About this exercise =
Within the data that follows, set down exactly the lines from the one containing "Yusei smiling while" through the one containing "Yusei loves her very much :')", both ends included.

Input =
___

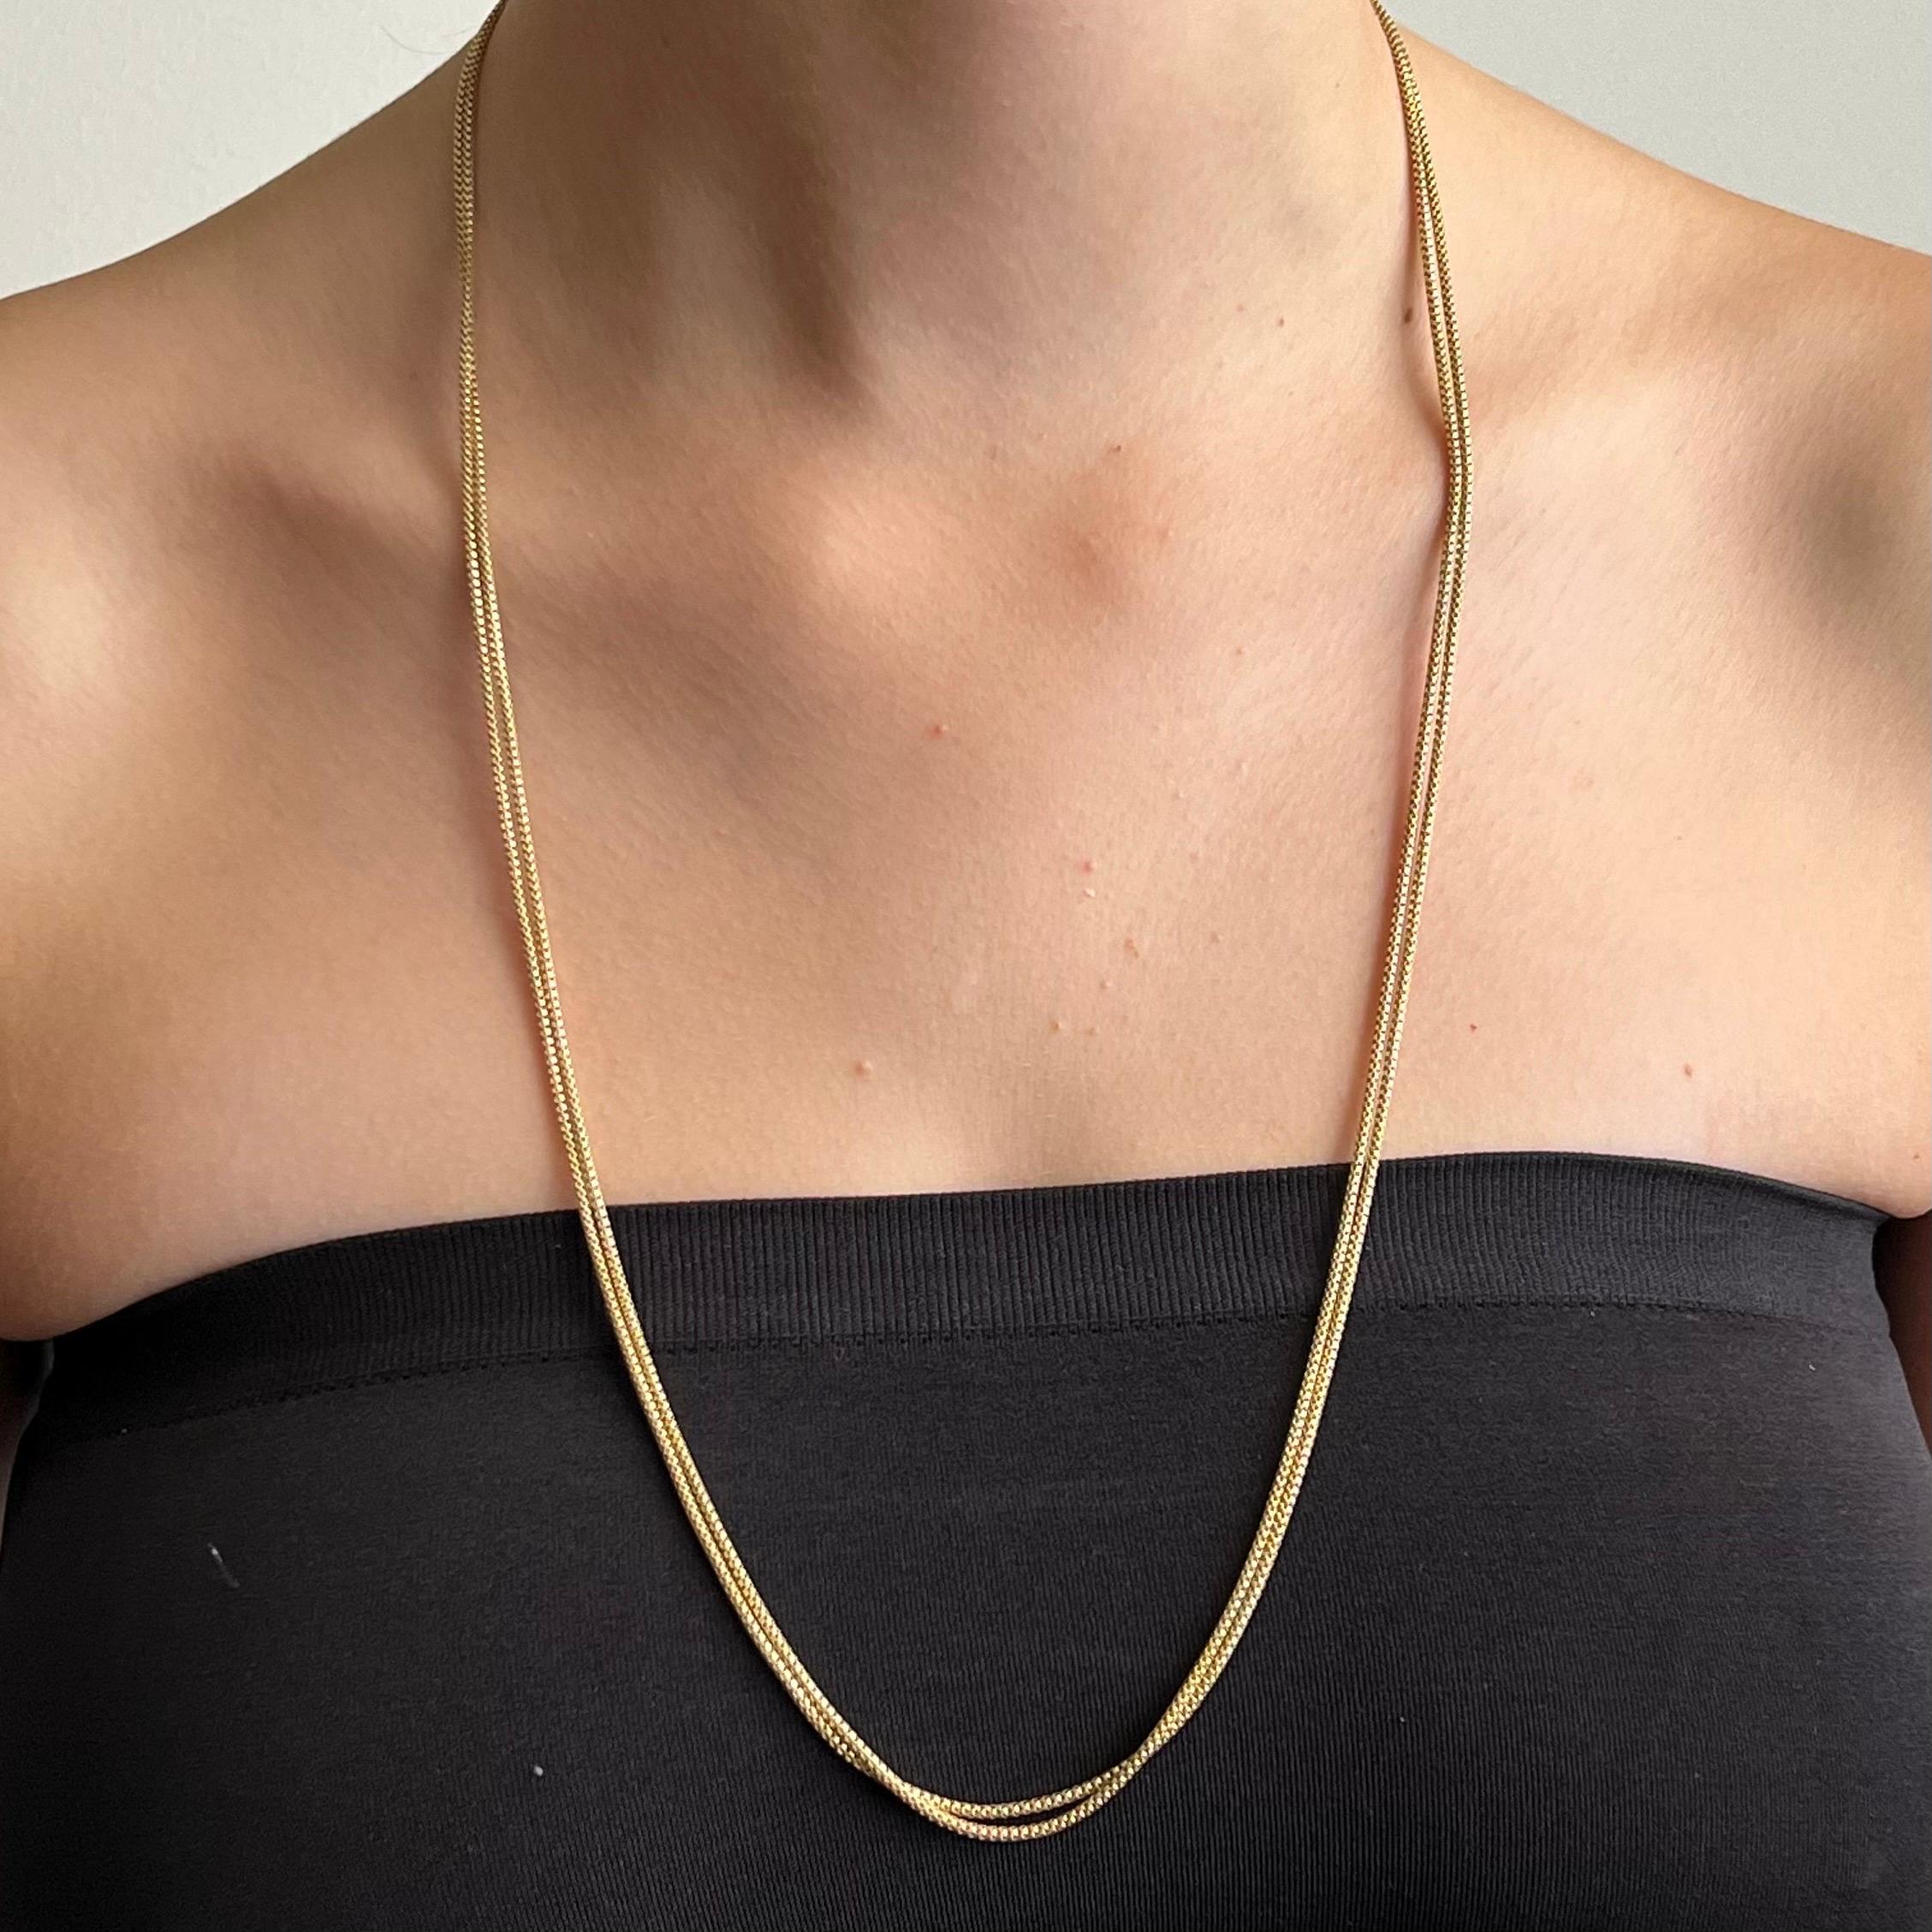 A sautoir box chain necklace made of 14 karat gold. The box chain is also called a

___

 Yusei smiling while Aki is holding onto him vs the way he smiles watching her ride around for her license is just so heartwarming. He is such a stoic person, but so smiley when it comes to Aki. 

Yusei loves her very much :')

___

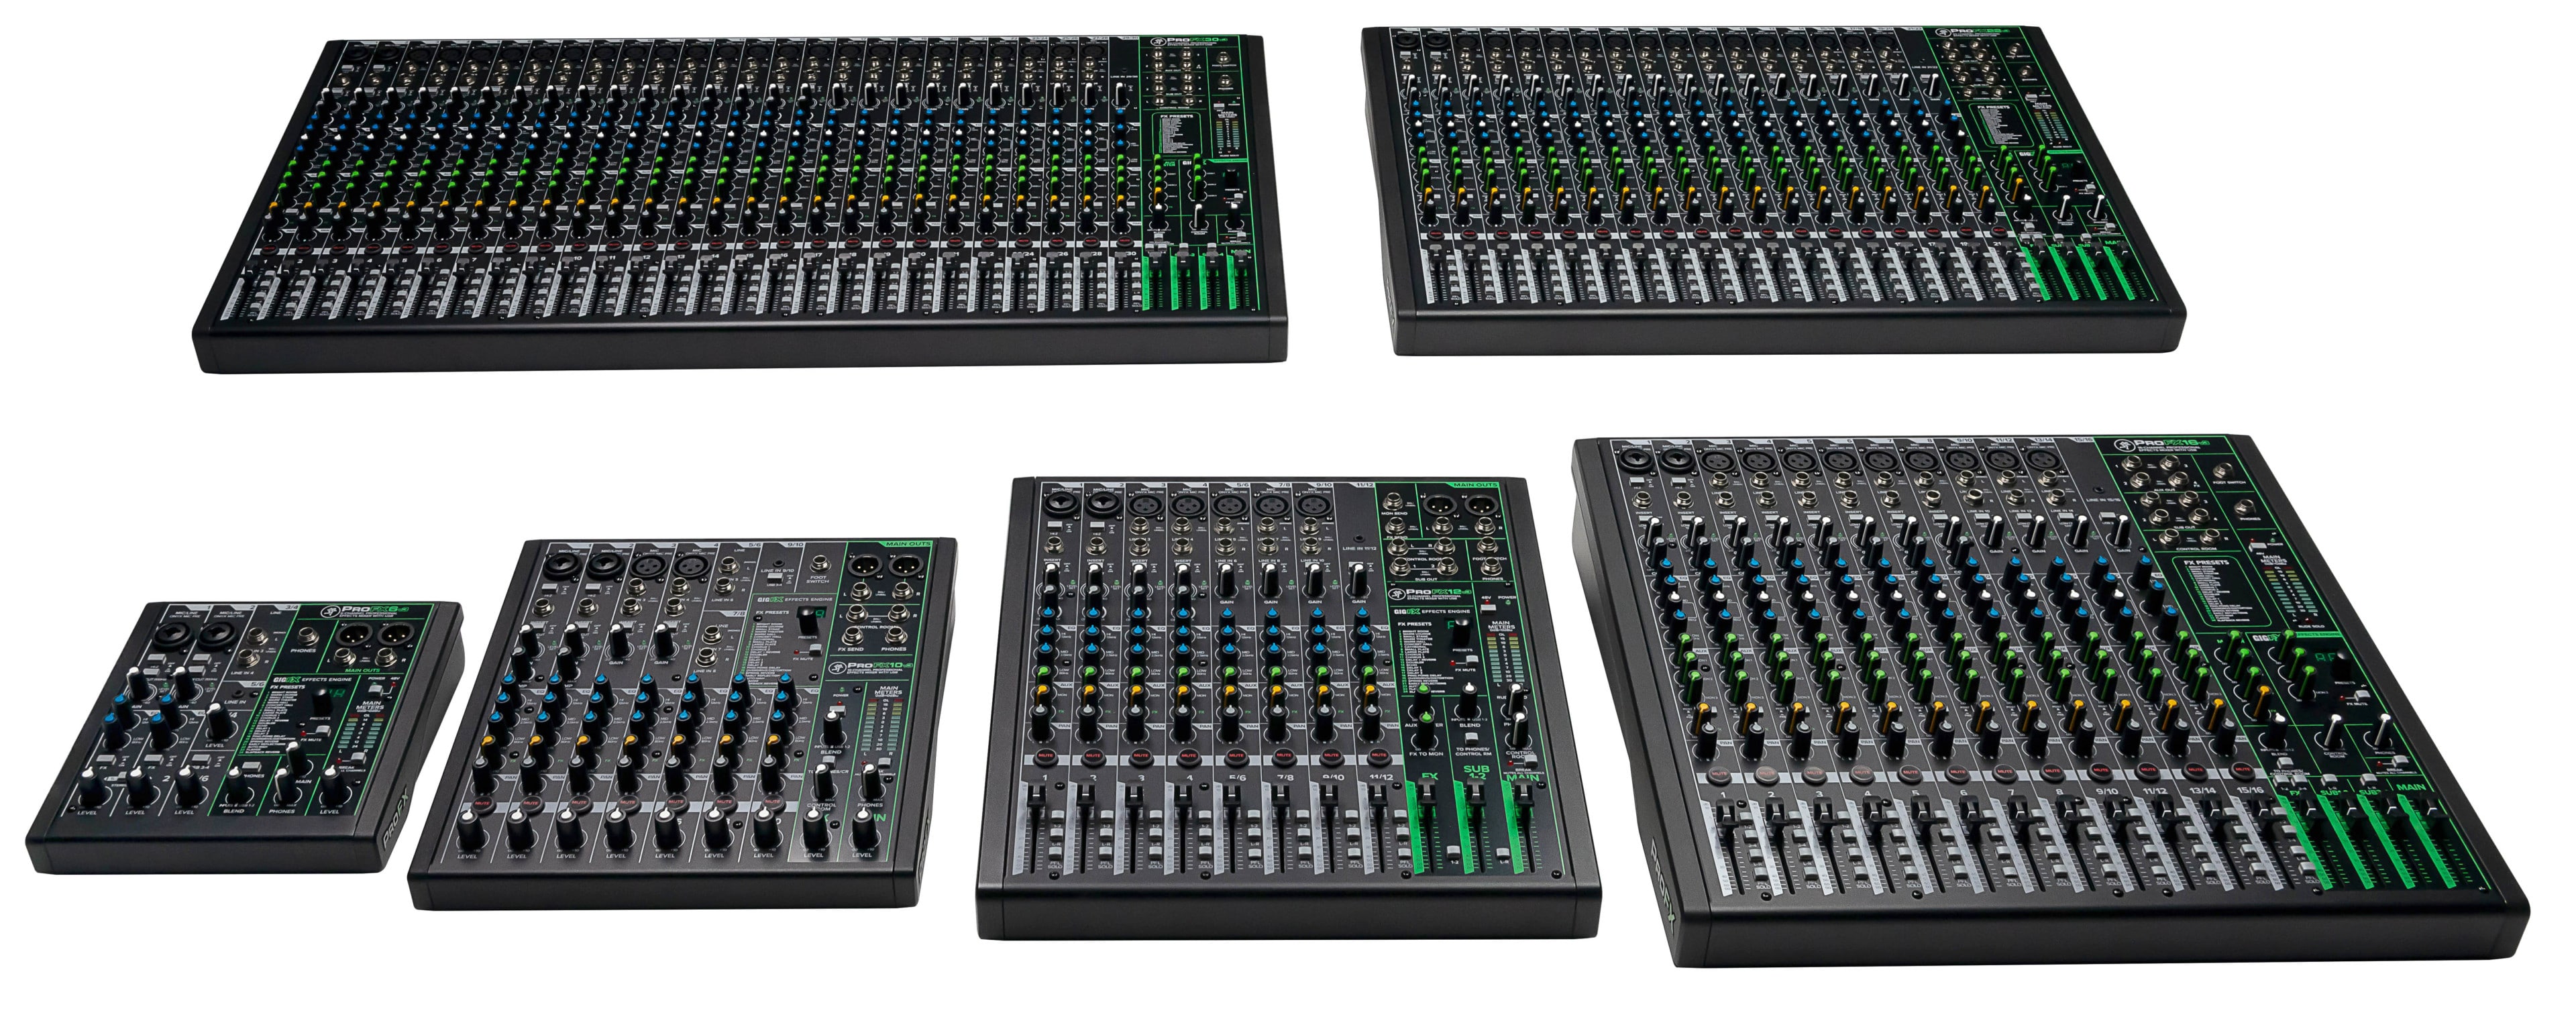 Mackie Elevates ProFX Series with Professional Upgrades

___

Final answer =
 Yusei smiling while Aki is holding onto him vs the way he smiles watching her ride around for her license is just so heartwarming. He is such a stoic person, but so smiley when it comes to Aki. 

Yusei loves her very much :')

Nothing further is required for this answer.